3 Energy Stocks About to Become Attractively Valued

The energy sector has been on a tear for the last few months thanks to the demand outpacing supply. But the balance is expected to restore soon, pacing the sector a bit.

A smooth business is when supply meets demand head-on. And most businesses, especially in the mature industries, do become smooth over time. This can be extrapolated for the industry they are in as a whole, even if the demand and supply are both diversified globally. And with that many moving parts, the disruptions to the balance have to be quite significant to break such an enormous momentum.

In the energy sector, those disruptions came in the form of certain energy giants flooding the market with too much oil (tilting the balance toward more supply). The pandemic did that as well, but by limiting the demand. And to meet the “revised” demand needs, energy companies throttled supply, which took time. And now the demand is back to normal; it’s taking time for them to “restart” to optimal capacity, increasing demand.

That demand increase caused the energy sector to surge, making much Canadian energy giant grow at a powerful place. But now that the balance is being restored the momentum driving these stocks up might break. And there are some energy companies that you should consider buying during that “normalization phase.”

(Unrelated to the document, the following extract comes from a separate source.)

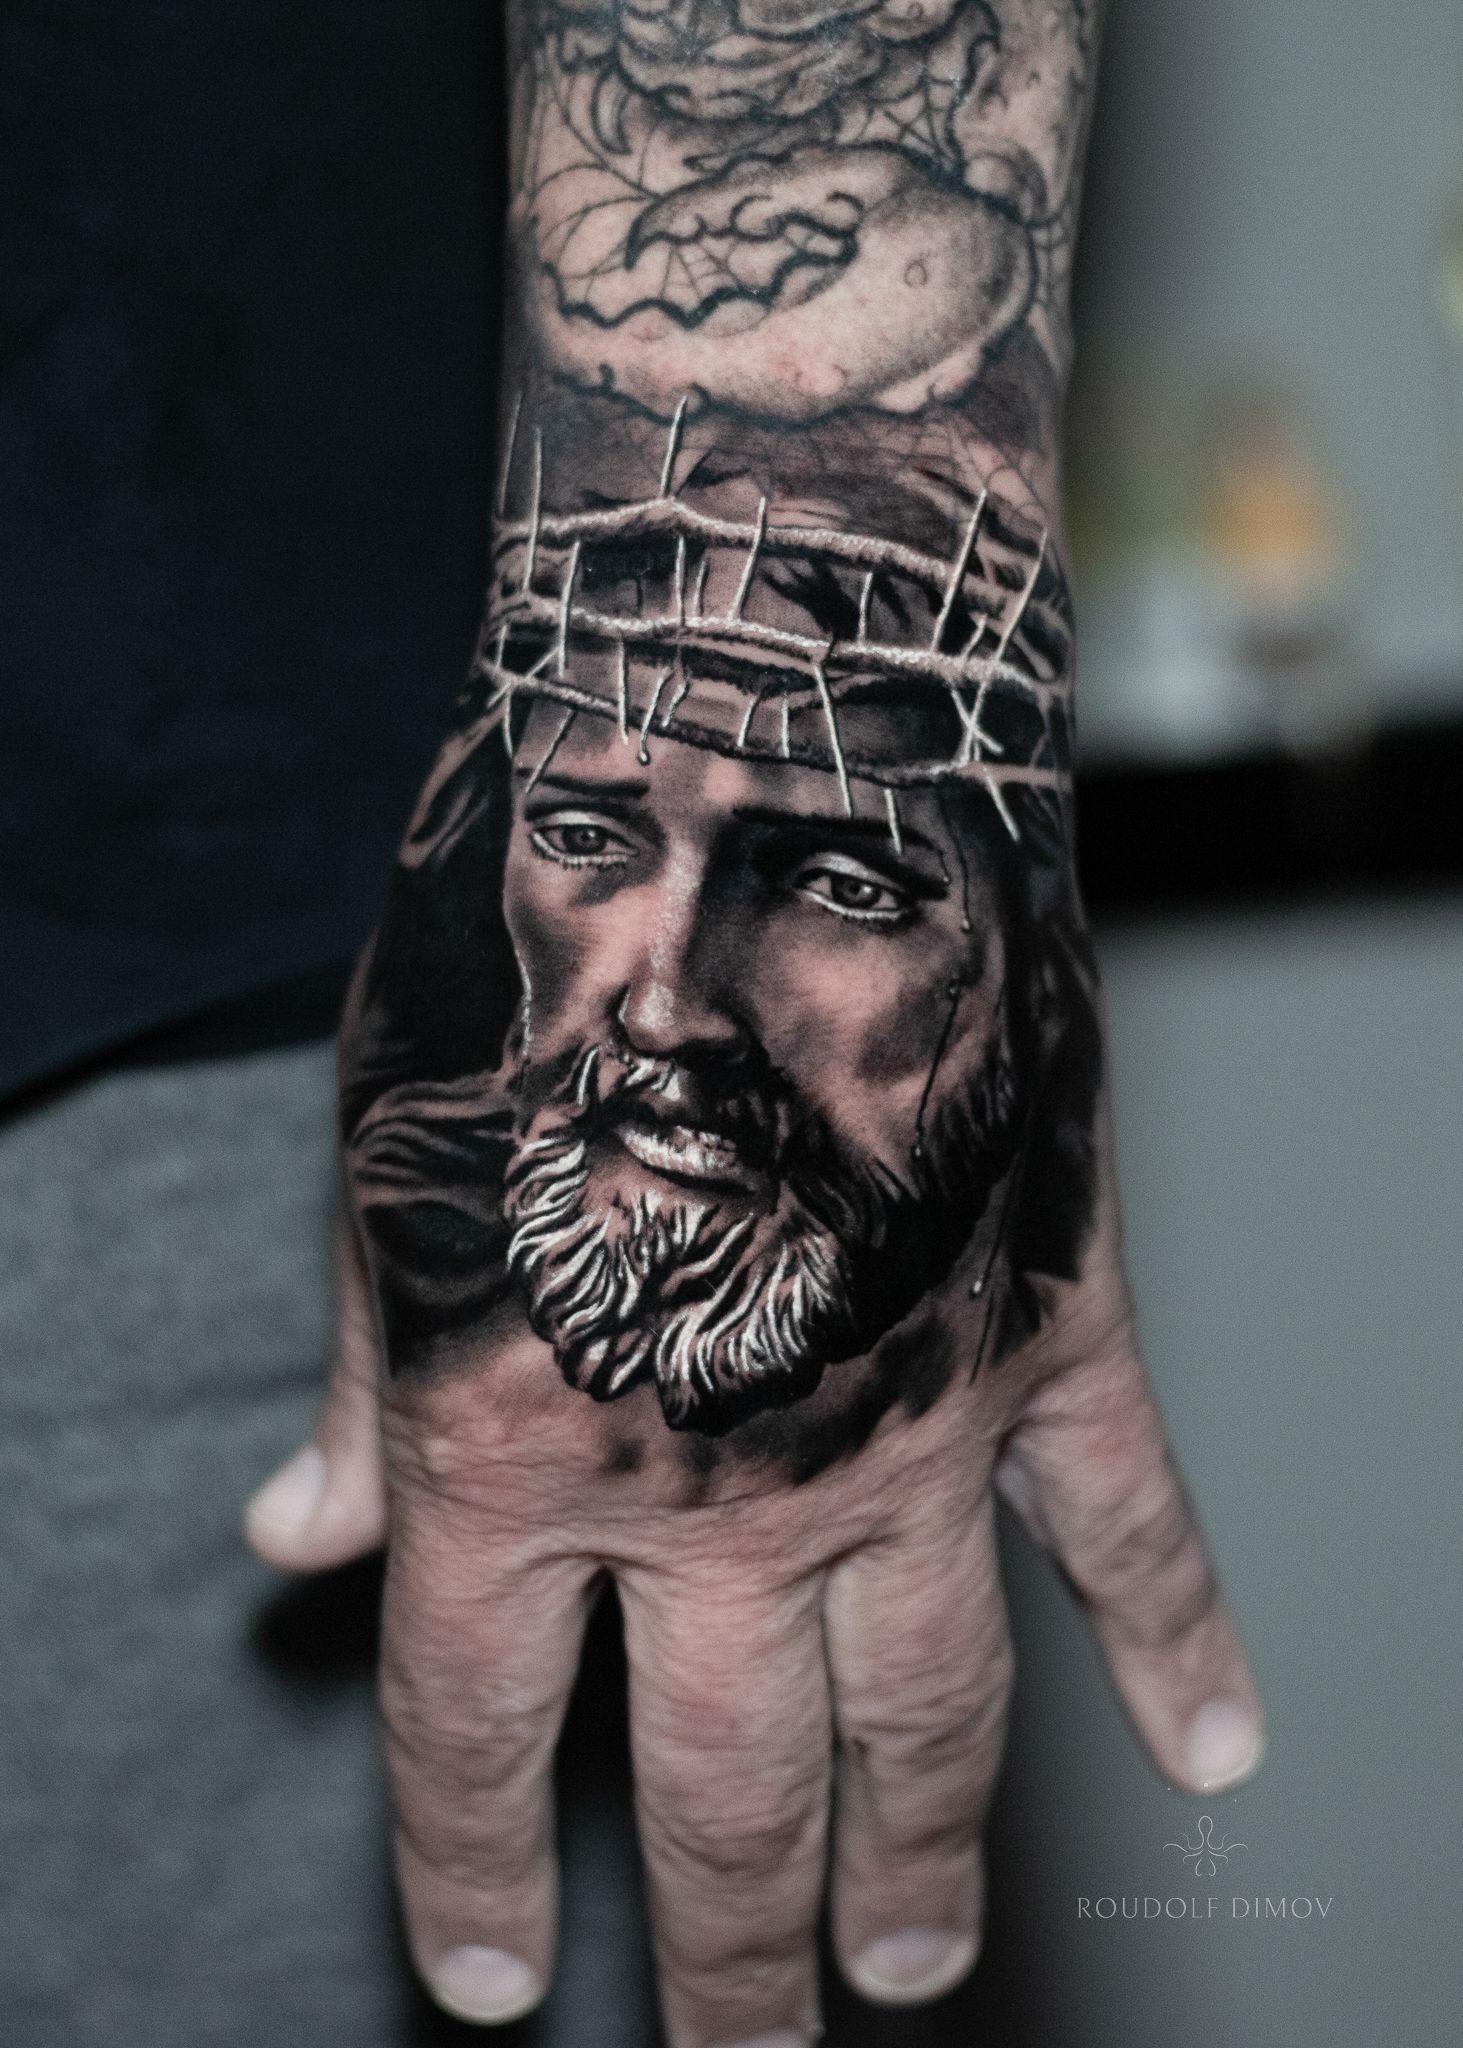 Jesus Tattoo by Chris Cockrill | Remington Tattoo Parlor

A heavy oil and oil sands company

While it rebranded itself as a natural gas company, the bulk of Cenovus Energy’s revenues (TSX:CVE)(NYSE:CVE) are tied to oil (conventional, heavy, and oil sands). The refining production and refining capacity of the company is quite significant: Between 750 and 790 thousand barrels of oil equivalents (MBOE) per day, at least 70% of which come from oil sands.

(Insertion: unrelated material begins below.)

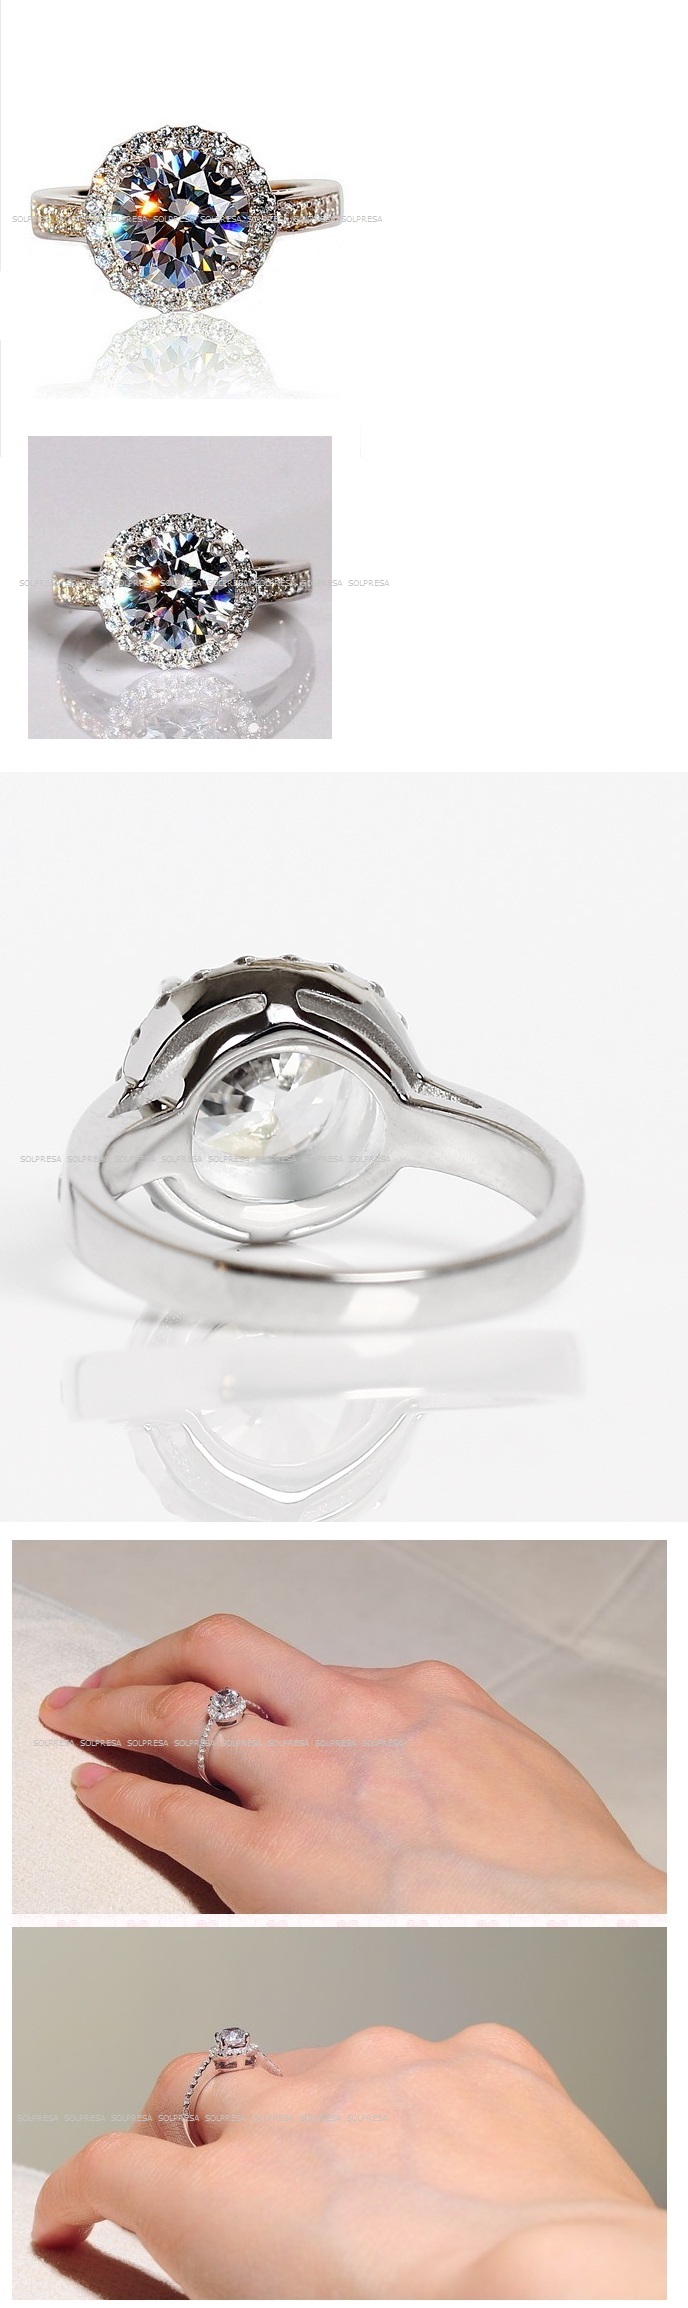 SOLPRESA Italy Royal Luxury 2 Karat Pigeon Diamond Ring

The reliance on oil sands and having considerable assets in that domain is a distinct competitive advantage if the oil demand in the future exhausts the cheaper conventional oil. But that advantage might pay off decades into the future. And the stock, which rose 166% in the last 12 months, might not be able to retain its current height for that long. So buy the dip and wait for the next demand surge to send the stock rocketing upward.

A hydrocarbon exploration company

Canadian Natural Resources (TSX:CNQ)(NYSE:CNQ) is one of the most stable energy giants in Canada. The stock has been steady through the decade, surviving and recovering after a few major turbulences, but it hasn’t fallen too far from its glory days valuation as most other energy stocks did. But even more attractive than strong the cyclical growth potential are the dividends this company offers.

It’s currently offering a juicy 4.4% yield at a brutally stable payout ratio of 37%. And the cherry on top is the dividend raise this 20-year-old Dividend Aristocrat has announced for the upcoming quarter: A 25% growth. That’s more of a climb that many Aristocrats offer in five years.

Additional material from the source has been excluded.